‘Animals Are Beautiful People’ is a humorous 1974 Golden Globe Award-winning documentary, directed and written by Jamie Uys, about the wildlife of various arid desert environments in Southern Africa. Filmed in the Namib Desert, the Kalahari Desert and the Okavango Delta, a soft-spoken narrator weaves whimsical tales over superb footage of animals and birds behaving oddly. Some scenes portray elephants, ostriches, warthogs and monkeys becoming intoxicated from eating fermented fruit of the marula tree. Their antics are hilarious until you start to question the authenticity of such documentaries.
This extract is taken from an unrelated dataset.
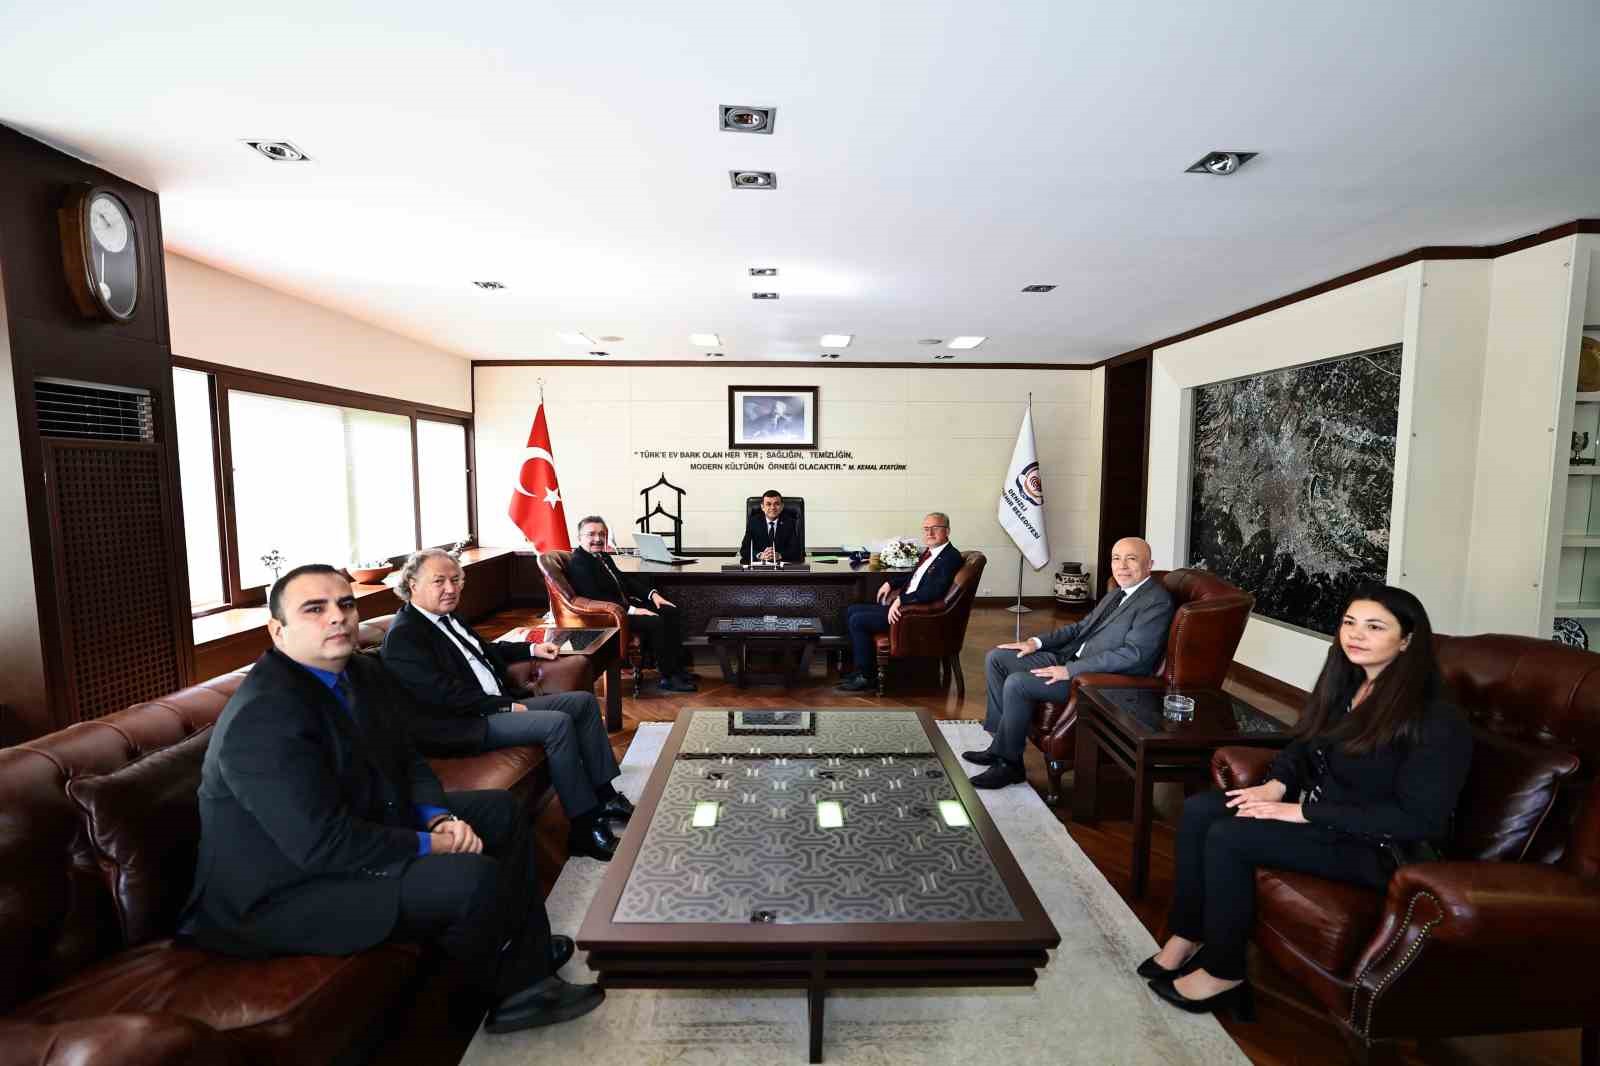 Başkan Çavuşoğlu; “Hedefimiz ilk 5 yılda Pamukkale’ye gelen turistlerden 1 milyonunu Denizli’de ağırlamak”
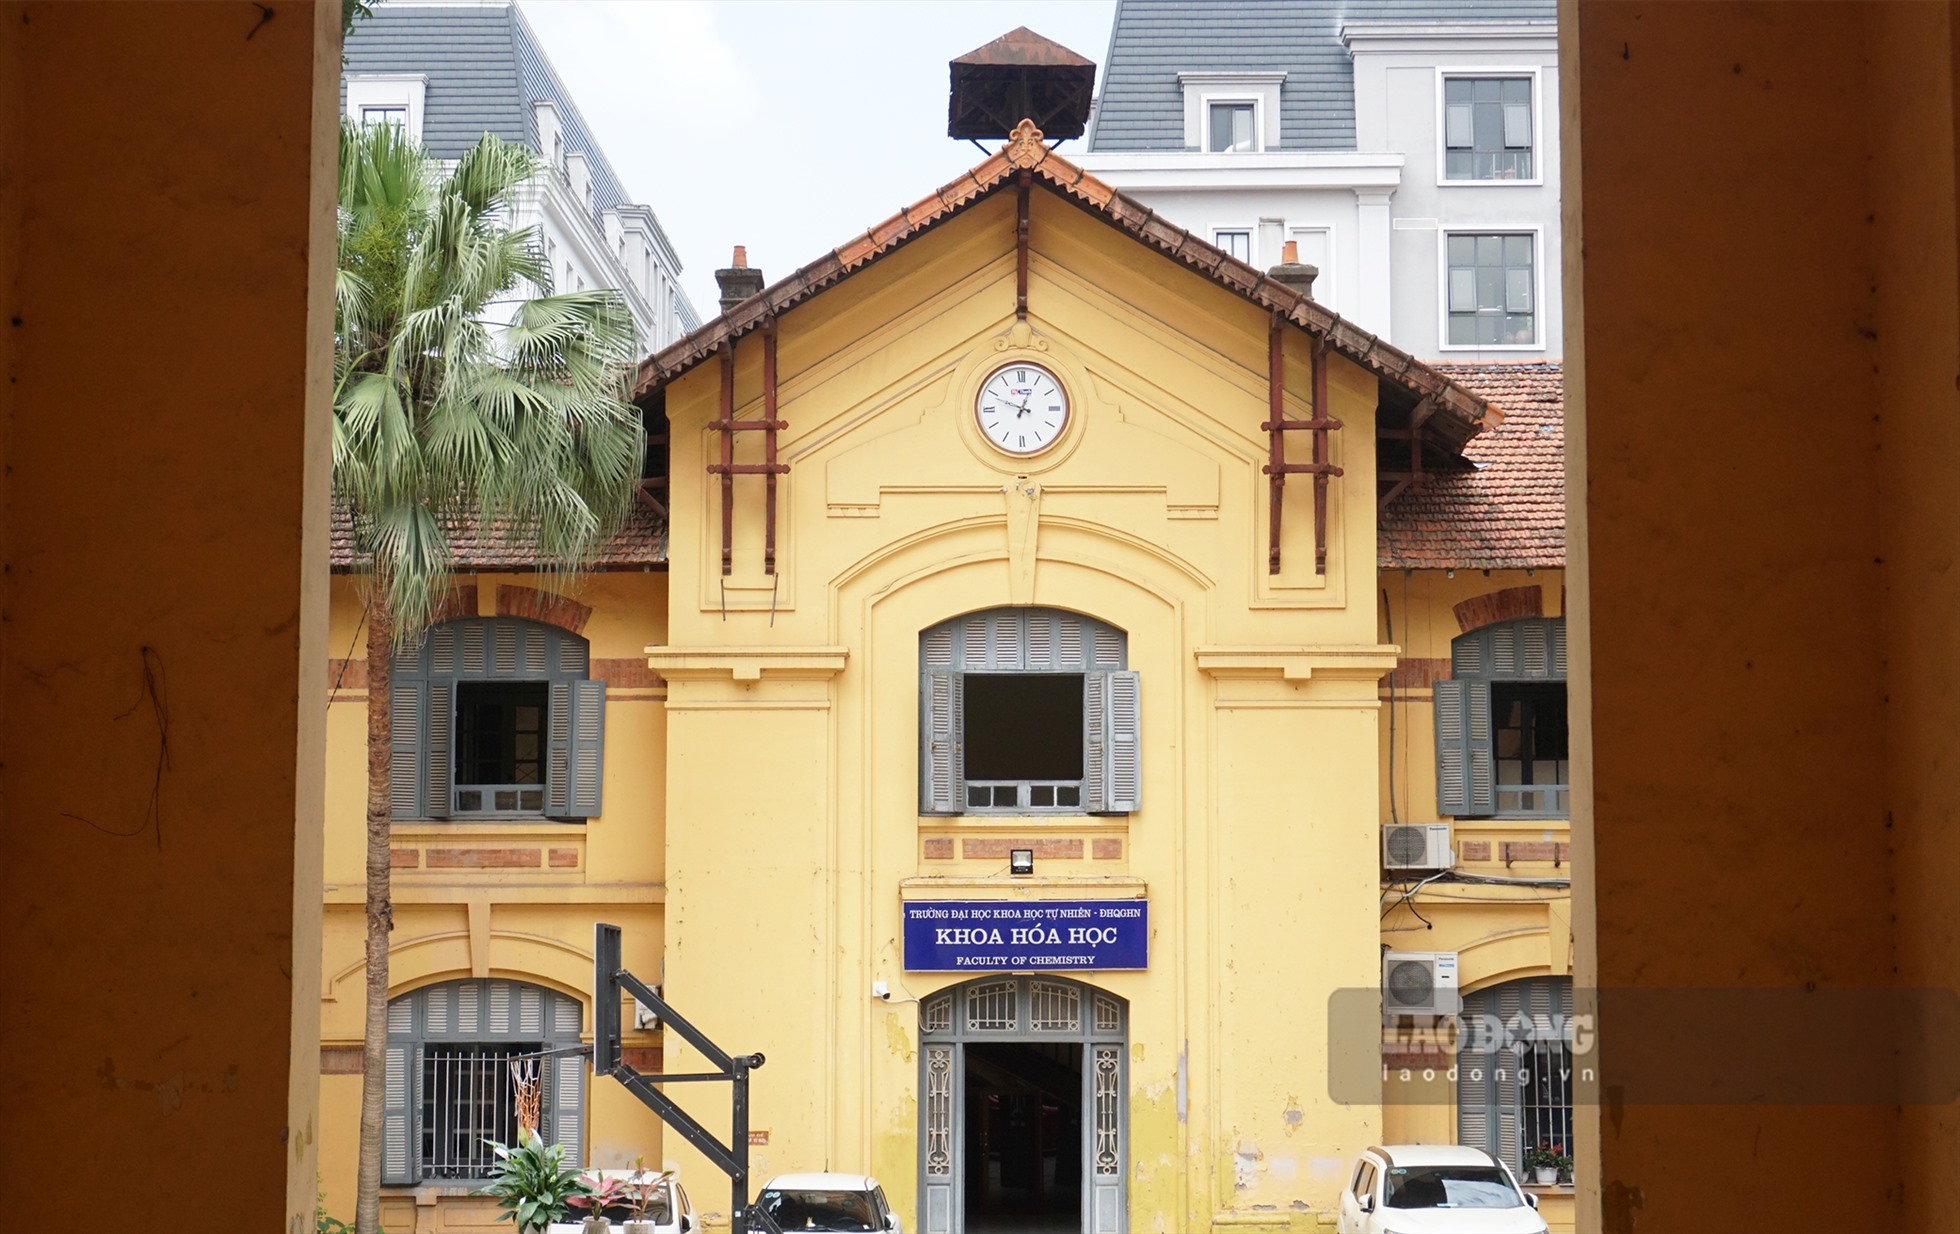 Mỗi khoa, bộ môn của trường đều có tòa nhà riêng với lối kiến trúc độc đáo từ thời Pháp thuộc.

Enshrined in local lore for generations and popularised by Uys’s documentary, the myth of drunken elephants has since been debunked by scientific research, prompting the suggestion that the scenes in the film were, in all probability, staged. According to a 2006 study in Physiological and Biochemical Zoology cited in Smithsonian Magazine, elephants may have a taste for alcohol, but they don’t eat the rotten fruit off the ground. They eat the fresh fruit right off the tree. As Steve Morris, a biologist at the University of Bristol and lead author of the study, asserts: “This a largely self-evident fact, since elephants will even push over trees to get the fruit off the tree, even when rotten fruit is on the ground.” He says anecdotes of elephants found drunk in the wild go back more than a century. “There are travellers’ tales from about 1839 reporting Zulu accounts that ‘elephants gently warm their brains with fermented fruits'” he said. “But there is nothing in the biology of either the African elephant or the marula fruit to support the stories… People just want to believe in drunken elephants.”
The marula tree, a member of the same family as the mango, grows widely in Africa. Its sweet yellow fruit is used for making jam, wine, beer, and a liqueur called Amarula. Michelle Gadd, an African wildlife specialist with the U.S. Fish and Wildlife Service, says that elephants and many other species are too fond of marula fruit to let it rot. “Elephants regularly visit and revisit the same marula trees, checking the fruits and the bark for palatability and devour the fruits when they are ripe,” she explains.
Furthermore, the fresh fruit simply doesn’t spend enough time in the elephant’s stomach to ferment and produce alcohol there. Scientists have calculated that even if an elephant did eat the rotten fruit, it would have to eat 1400 pieces of exceptionally fermented fruit to get drunk. The amount of water consumed by elephants each day would also dilute the intoxicating effect of the fruit. Food takes between 12 and 46 hours to pass through an elephant’s digestive system, which is not enough time for the fruit to ferment. According to the 2006 study, sugars within the diet are metabolised to volatile fatty acids, making them unavailable to fermentation. In other words, the sugars are turned into fat before they can ferment into alcohol.
It makes for a thoroughly entertaining movie, but the science suggests the image of a drunken elephant sitting under a marula tree is the stuff of legend and myth. As for Uys’s footage, the likelihood is that the filmmakers had soaked the elephants’ food with alcohol (or had tranquilized the animals) and filmed the consequences. If this were ever proven to be true, it would be just another scandalous example of the sensationalism and fabrication that has persistently undermined the wildlife film-making industry.